→ WHAT THE TASK ASKS: Find the line with "Agricultura en 'Lanzarote." in the records below. Copy it and every line after it, up to and including the line with "Seeed Grove - Light Sensor v1.2".

→ INFORMATION PROVIDED:
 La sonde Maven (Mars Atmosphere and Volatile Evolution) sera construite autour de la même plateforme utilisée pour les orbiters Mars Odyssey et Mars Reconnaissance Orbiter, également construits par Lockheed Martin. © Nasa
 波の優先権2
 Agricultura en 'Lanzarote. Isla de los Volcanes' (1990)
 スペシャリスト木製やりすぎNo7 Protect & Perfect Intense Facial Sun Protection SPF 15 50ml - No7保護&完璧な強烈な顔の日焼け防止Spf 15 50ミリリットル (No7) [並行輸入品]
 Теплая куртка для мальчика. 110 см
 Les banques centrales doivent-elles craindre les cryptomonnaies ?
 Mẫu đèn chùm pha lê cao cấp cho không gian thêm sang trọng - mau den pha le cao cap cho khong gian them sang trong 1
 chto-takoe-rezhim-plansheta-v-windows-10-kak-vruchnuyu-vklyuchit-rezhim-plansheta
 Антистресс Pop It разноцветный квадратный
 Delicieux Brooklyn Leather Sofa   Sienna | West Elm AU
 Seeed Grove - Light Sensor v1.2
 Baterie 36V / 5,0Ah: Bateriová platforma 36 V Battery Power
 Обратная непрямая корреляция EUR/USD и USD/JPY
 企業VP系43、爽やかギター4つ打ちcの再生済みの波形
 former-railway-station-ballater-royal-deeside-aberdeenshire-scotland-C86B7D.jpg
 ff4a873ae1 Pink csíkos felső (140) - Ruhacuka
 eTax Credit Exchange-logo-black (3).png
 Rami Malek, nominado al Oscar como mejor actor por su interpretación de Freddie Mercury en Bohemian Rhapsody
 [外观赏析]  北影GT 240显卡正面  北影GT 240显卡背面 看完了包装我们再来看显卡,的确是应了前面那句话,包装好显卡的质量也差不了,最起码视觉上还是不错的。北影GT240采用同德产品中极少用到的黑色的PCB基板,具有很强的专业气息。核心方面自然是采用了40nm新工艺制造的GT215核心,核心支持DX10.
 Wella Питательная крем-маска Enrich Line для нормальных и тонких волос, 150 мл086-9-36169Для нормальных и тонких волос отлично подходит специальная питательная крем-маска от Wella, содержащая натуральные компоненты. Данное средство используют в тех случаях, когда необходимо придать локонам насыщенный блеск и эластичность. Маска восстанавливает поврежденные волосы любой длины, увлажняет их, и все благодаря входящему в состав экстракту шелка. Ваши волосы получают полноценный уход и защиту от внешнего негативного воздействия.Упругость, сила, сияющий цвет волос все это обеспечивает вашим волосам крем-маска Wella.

→ TASK OUTPUT:
 Agricultura en 'Lanzarote. Isla de los Volcanes' (1990)
 スペシャリスト木製やりすぎNo7 Protect & Perfect Intense Facial Sun Protection SPF 15 50ml - No7保護&完璧な強烈な顔の日焼け防止Spf 15 50ミリリットル (No7) [並行輸入品]
 Теплая куртка для мальчика. 110 см
 Les banques centrales doivent-elles craindre les cryptomonnaies ?
 Mẫu đèn chùm pha lê cao cấp cho không gian thêm sang trọng - mau den pha le cao cap cho khong gian them sang trong 1
 chto-takoe-rezhim-plansheta-v-windows-10-kak-vruchnuyu-vklyuchit-rezhim-plansheta
 Антистресс Pop It разноцветный квадратный
 Delicieux Brooklyn Leather Sofa   Sienna | West Elm AU
 Seeed Grove - Light Sensor v1.2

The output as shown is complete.